Watch: Baz Luhrmann's 'The Get Down' Trailer Beautifully Blends '70s Soul Music and Modern Struggles


True to its creator’s established themes, the first full look at “The Get Down” appears to be a wild, passionate and ambitious blend of music, romance and rebellious stands against systemic adversity. Baz Luhrmann’s first foray into television appears to be just as grand as his cinematic efforts, and Netflix will undoubtedly look to capitalize on that in a big way.

READ MORE: The 15 Netflix Original Series to Be Excited About in 2015

One way might be found at the end of the trailer, in the addendum to the series’ title. “The Get Down” is apparently a story told in parts, and “Part 1” is what we’ll get in 2016. How many parts we can expect over the course of the series wasn’t clarified in the accompanying release, nor was whether or not this affects the standing order for 13 episodes constituting Season 1 (which could be exactly what Part 1 stands for, after all). 

What we do know is the series stars Shameik Moore, Justice Smith, Herizen Guardiola, Jaden Smith, Skylan Brooks, Tremaine Browne, Jr., Yahya Abdul-Mateen II, Jimmy Smits and Giancarlo Esposito. Luhrmann is attached to direct the first two episodes as well as the finale, all while producing the entire series alongside TV veteran Shawn Ryan.

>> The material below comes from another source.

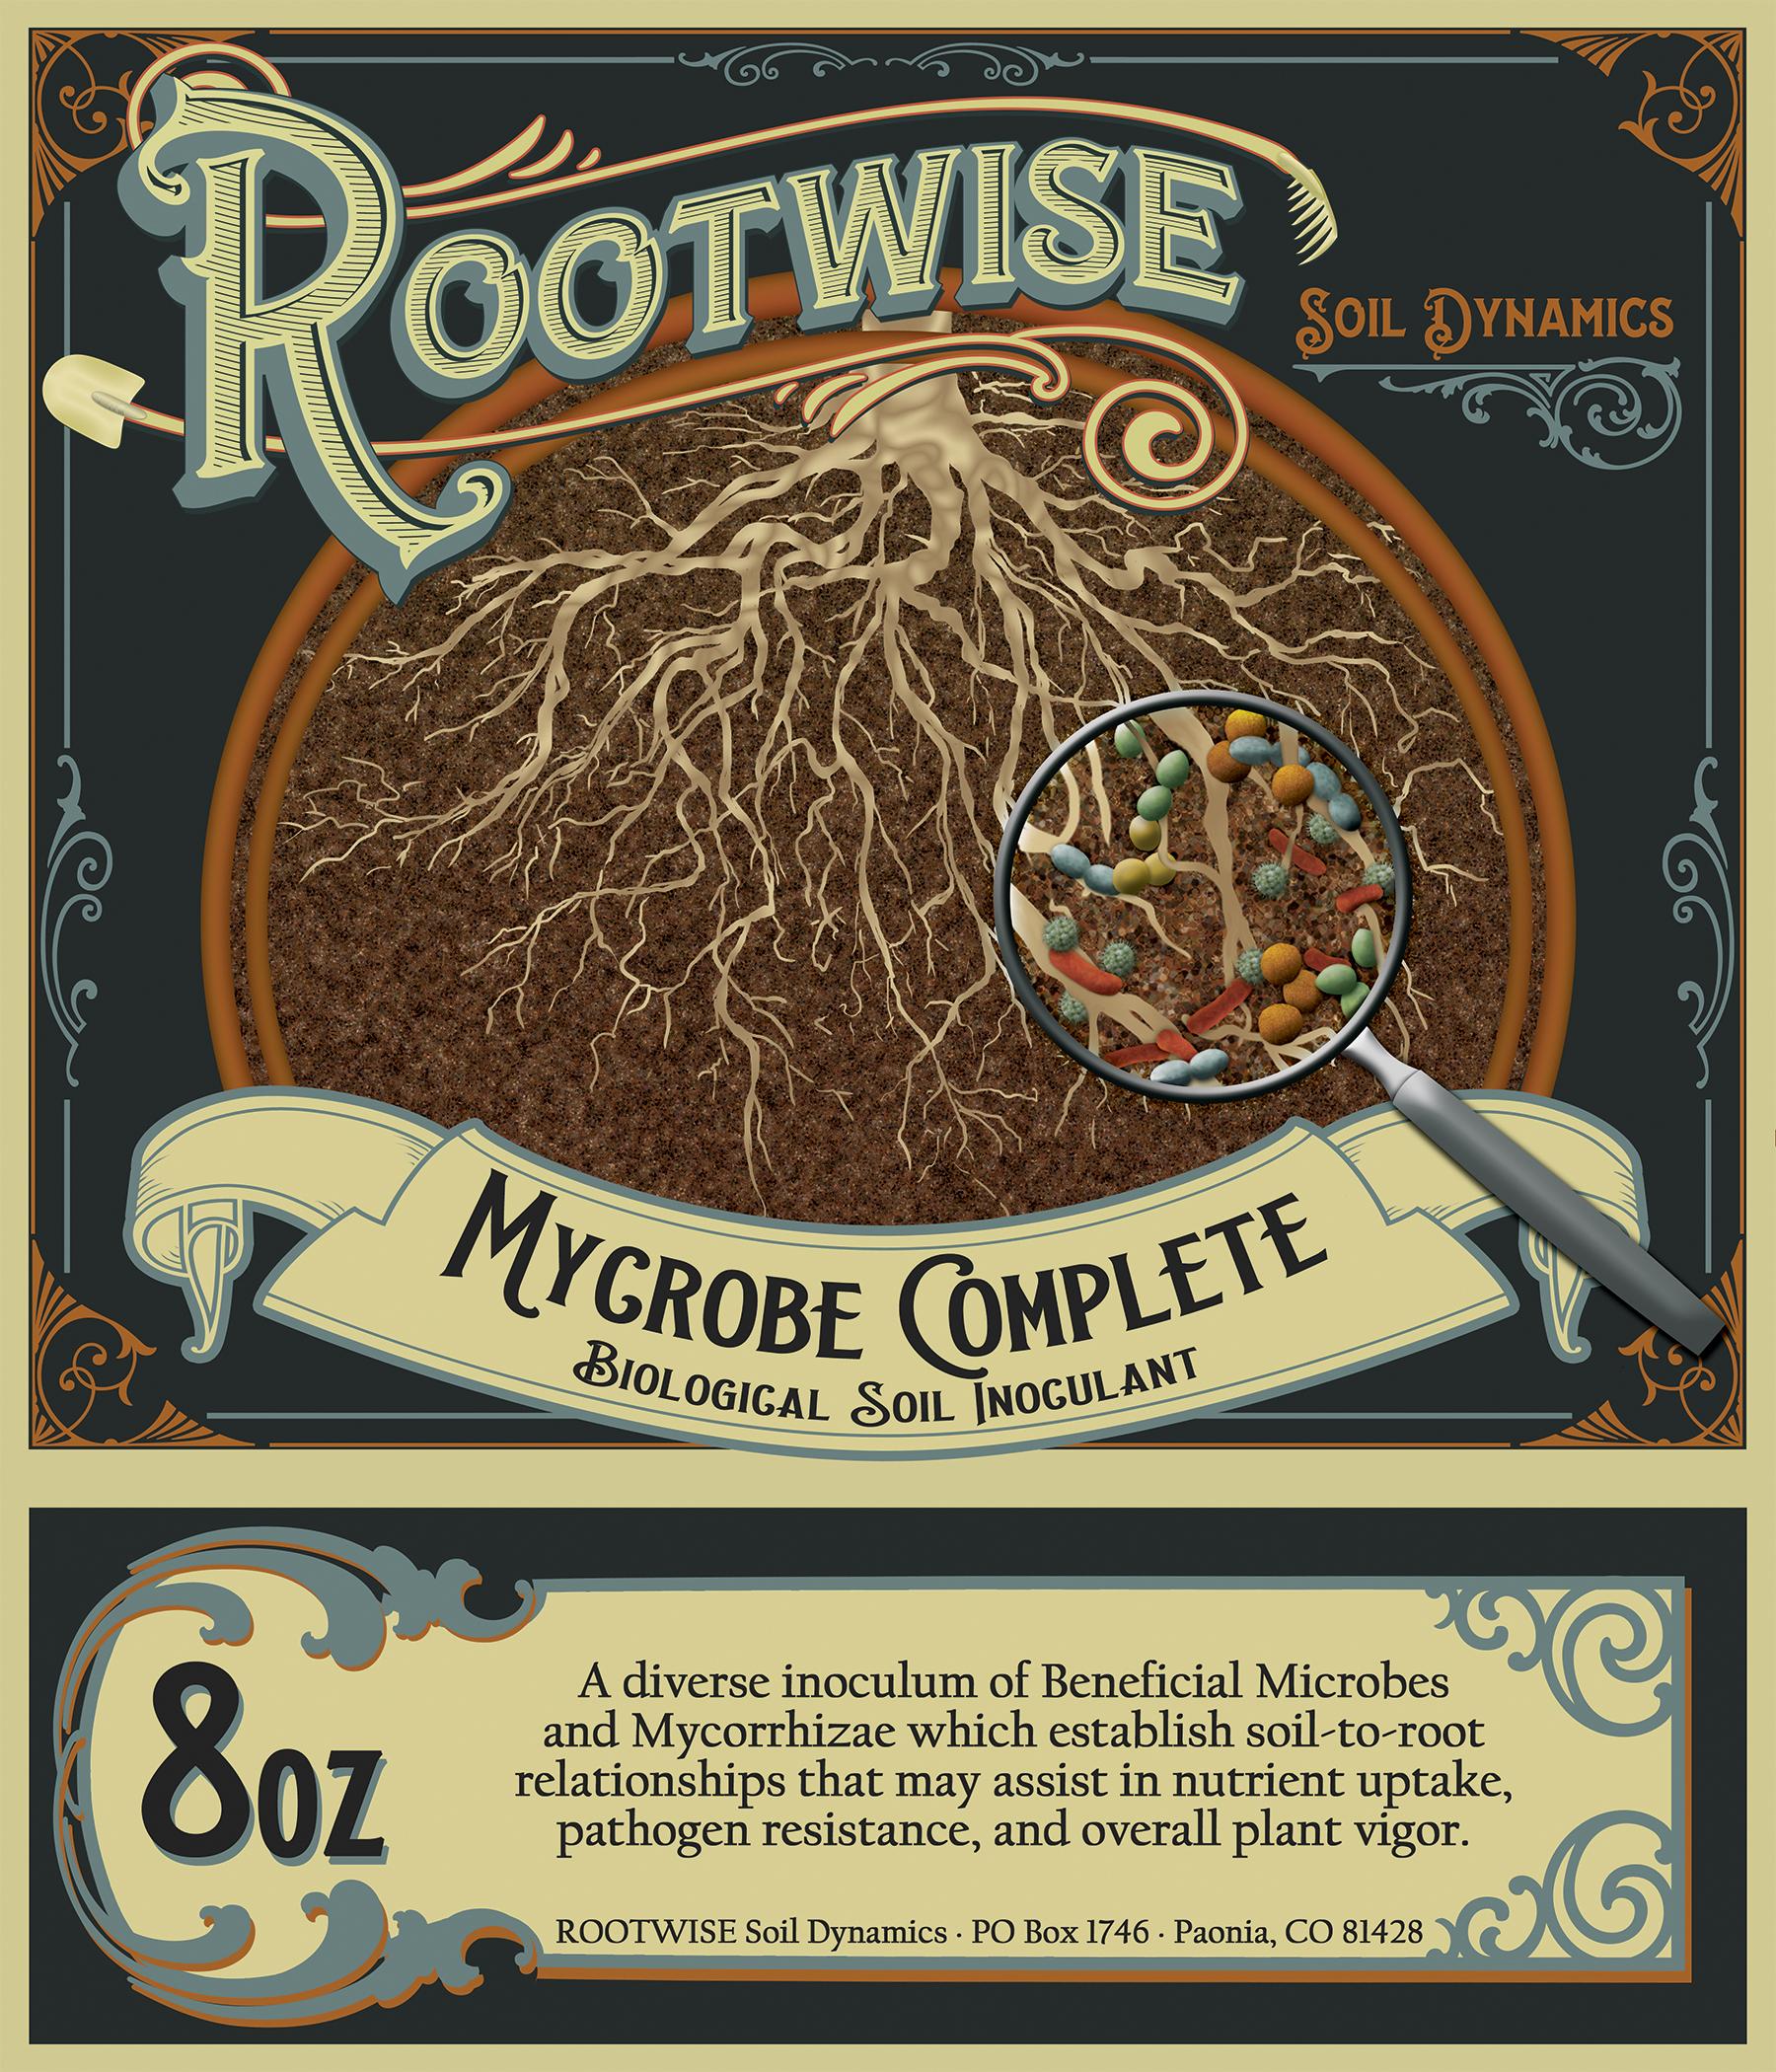 Mycrobe Complete label

The official Netflix synopsis reads: “‘The Get Down’ focuses on 1970s New York — broken down and beaten up, violent, cash-strapped — dying. Consigned to rubble, a rag-tag crew of South Bronx teenagers are nothings and nobodies with no one to shelter them — except each other, armed only with verbal games, improvised dance steps, some magic markers and spray cans. From Bronx tenements, to the SoHo art scene; from CBGB to Studio 54 and even the glass towers of the just-built World Trade Center, The Get Down is a mythic saga of how New York at the brink of bankruptcy gave birth to hip-hop, punk and disco — as told through the lives and music of the South Bronx kids who changed the city and the world…forever.”

The premiere date has yet to be announced, but Netflix confirmed the series will be released “later in 2016.”